Here’s a quick rundown of my favorite features, which are always just one rebindable hotkey away:

  • a magnifying cursor for precise selection
  • output options, including filename formatting, and a compression slider
  • external commands
  • integration for services such as Flickr, Imgur, and MS Office
  • a handy context menu for quick preferences
  • an editor with shapes, text, copy, paste, and more!
Snipe those borders perfectly with this brilliant magnifier.

Please, allow me to take a moment to appreciate using a single file for settings. Greenshot uses a single greenshot.ini file, meaning migrating or backing up my preferences is as easy as copying one file.

I highly recommend checking out the official Greenshot.org, or its git repo. I give this application 10 “quality desktop tools made for this decade” … out of 10.

Wen

How and why I created Wen: Chinese Character practice.

Image of farmland between mountains on a foggy day.
The view from the train window.

On a train ride from Hangzhou to Guilin, China, I began writing a program to help learn Chinese characters. The idea is simple: present a character on the screen, with or without Pinyin, and the user will input the translation. The program presents a score at the end.

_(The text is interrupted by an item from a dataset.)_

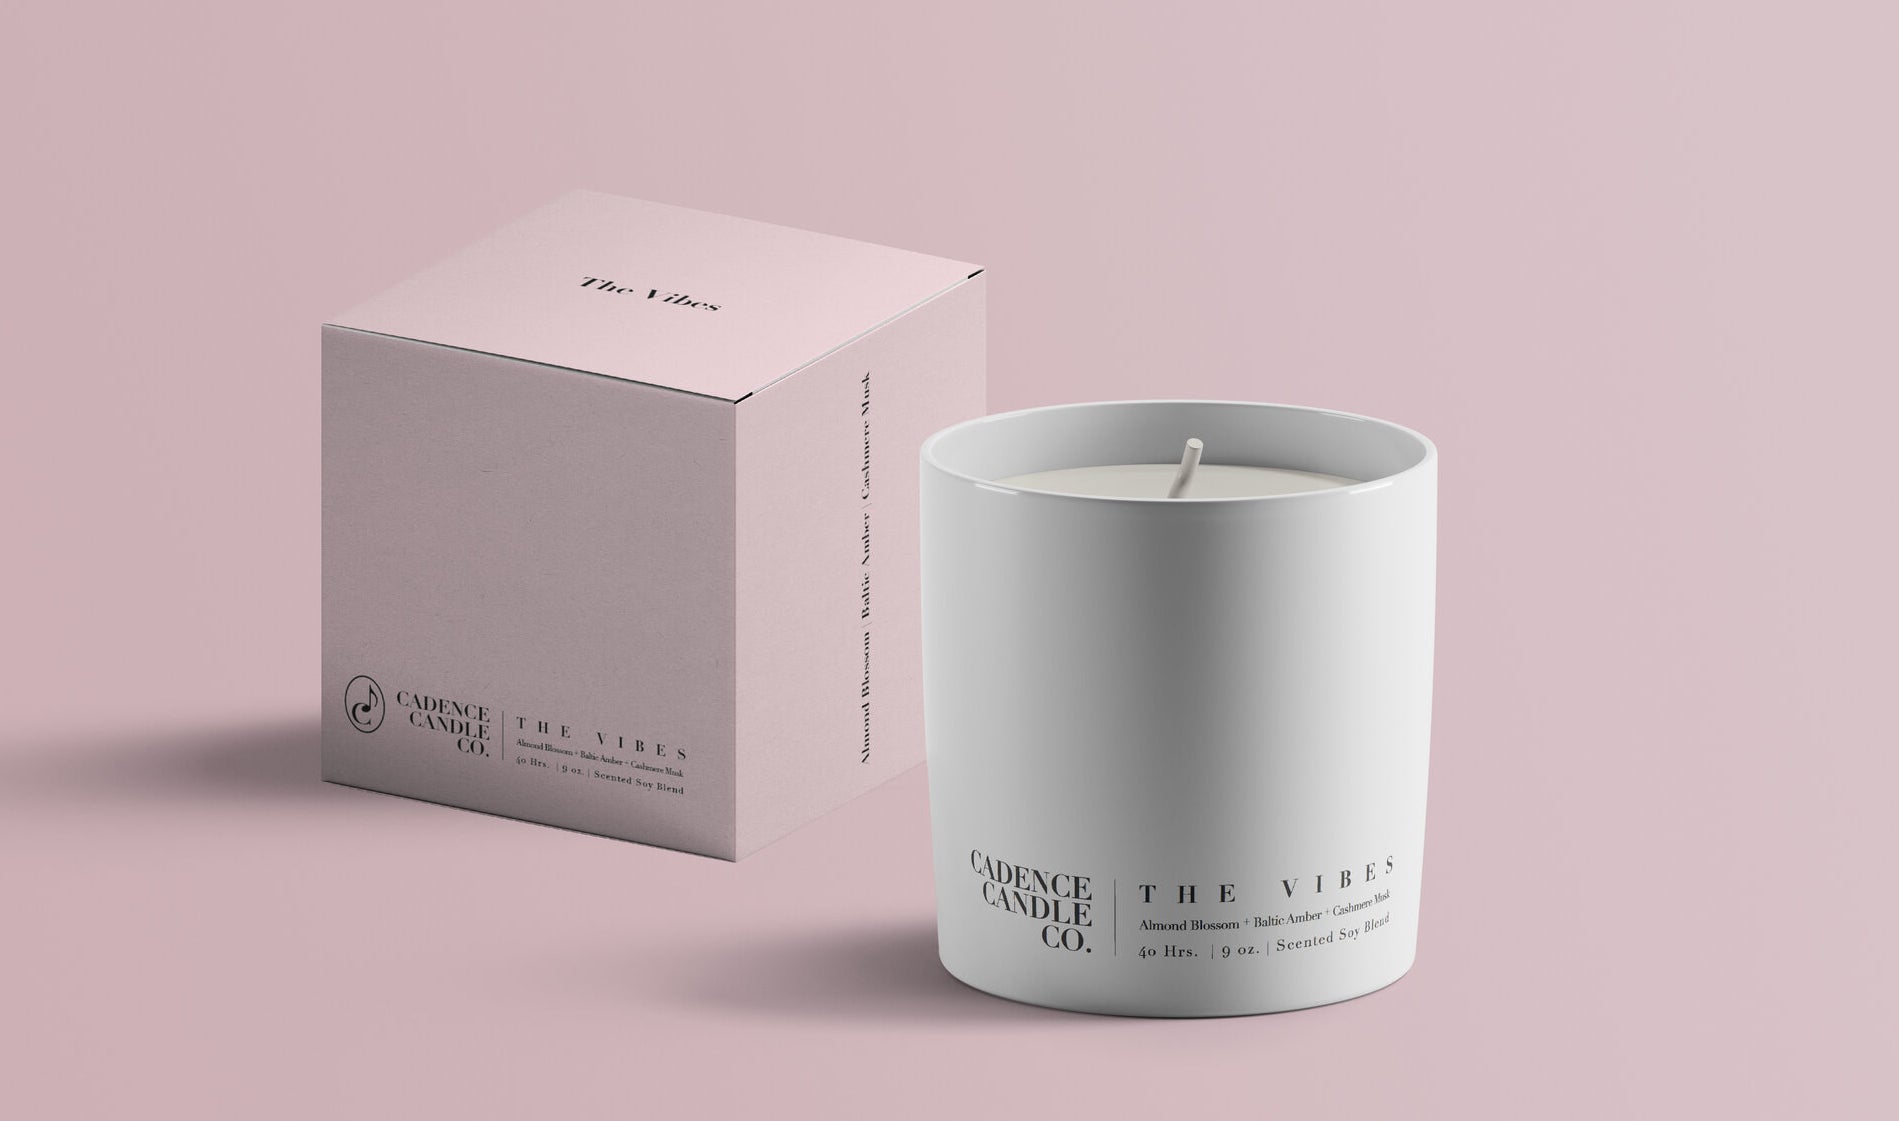 a white candle that says &quot;the vibes&quot; on it next to a pale blue box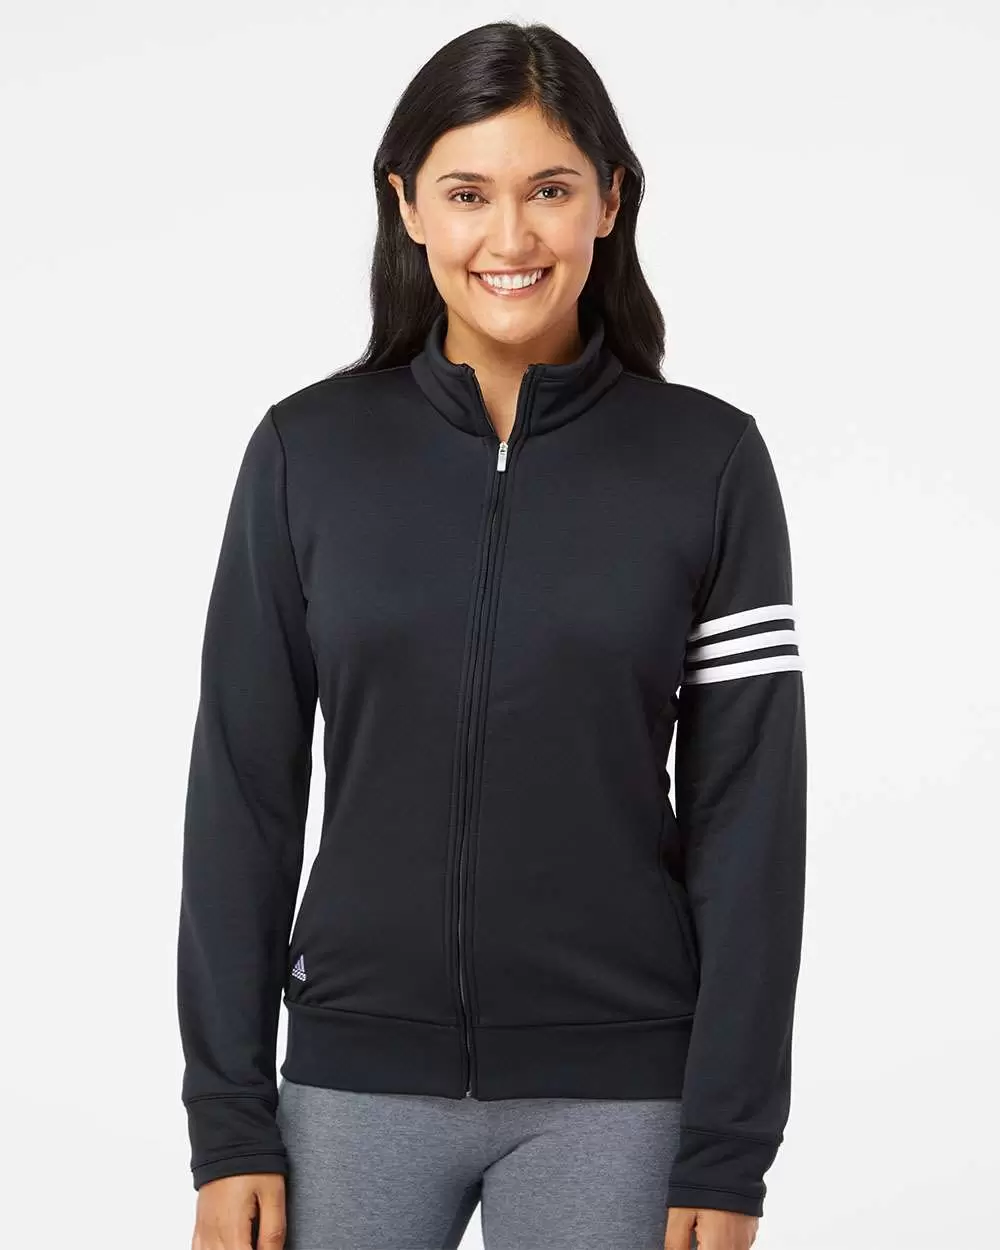 A191 adidas - Ladies' ClimaLite® 3-Stripes French Terry Full-Zip

This original Python iteration uses dictionary files with comma-separated components: the Chinese character, the Pinyin with tone numbers, and the definition separated by forward slashes (“/”). An example would be:

零, li2ng, 0/zero

The program then splits up each section, replaces the tone numbers with diacritics (i.e. “líng”), and compares user input to each instance of the definitions. You can look at the code for this original command-line version here.

However, this is the year 2021, and users, including myself, expect an application like this to have a graphical interface, perhaps even over the web. I would even venture to say that some among us would even launch the program on their phones. Ask no more, the online, user-friendly version can be found here, and a live version is hosted here.

What began as a curious venture into the uncharted world of JavaScript, the aptly-named Wen Online is the culmination of my week-long journey of learning the language. Wen Online features state-of-the-art drop-down menus and bleeding-edge submit and review buttons.

Rendered in the beautiful default browser font, this program is lightning-fast and just sips data at 2-3 kilobytes per chapter (excluding the > 500 word cumulative exam, clocking in at a whopping 57 kilobytes).

All jokes aside, I have worked on larger projects, and for longer, but Wen has been the one I am most proud of. Chinese is a notoriously hard language to learn, and after studying for more than 5 years, I still have light-years to go. I personally use Wen multiple times per week, and have found it to work better for rote memorization than anything else, including flashcards. I think this is because of the need for input, further securing my memory through typing.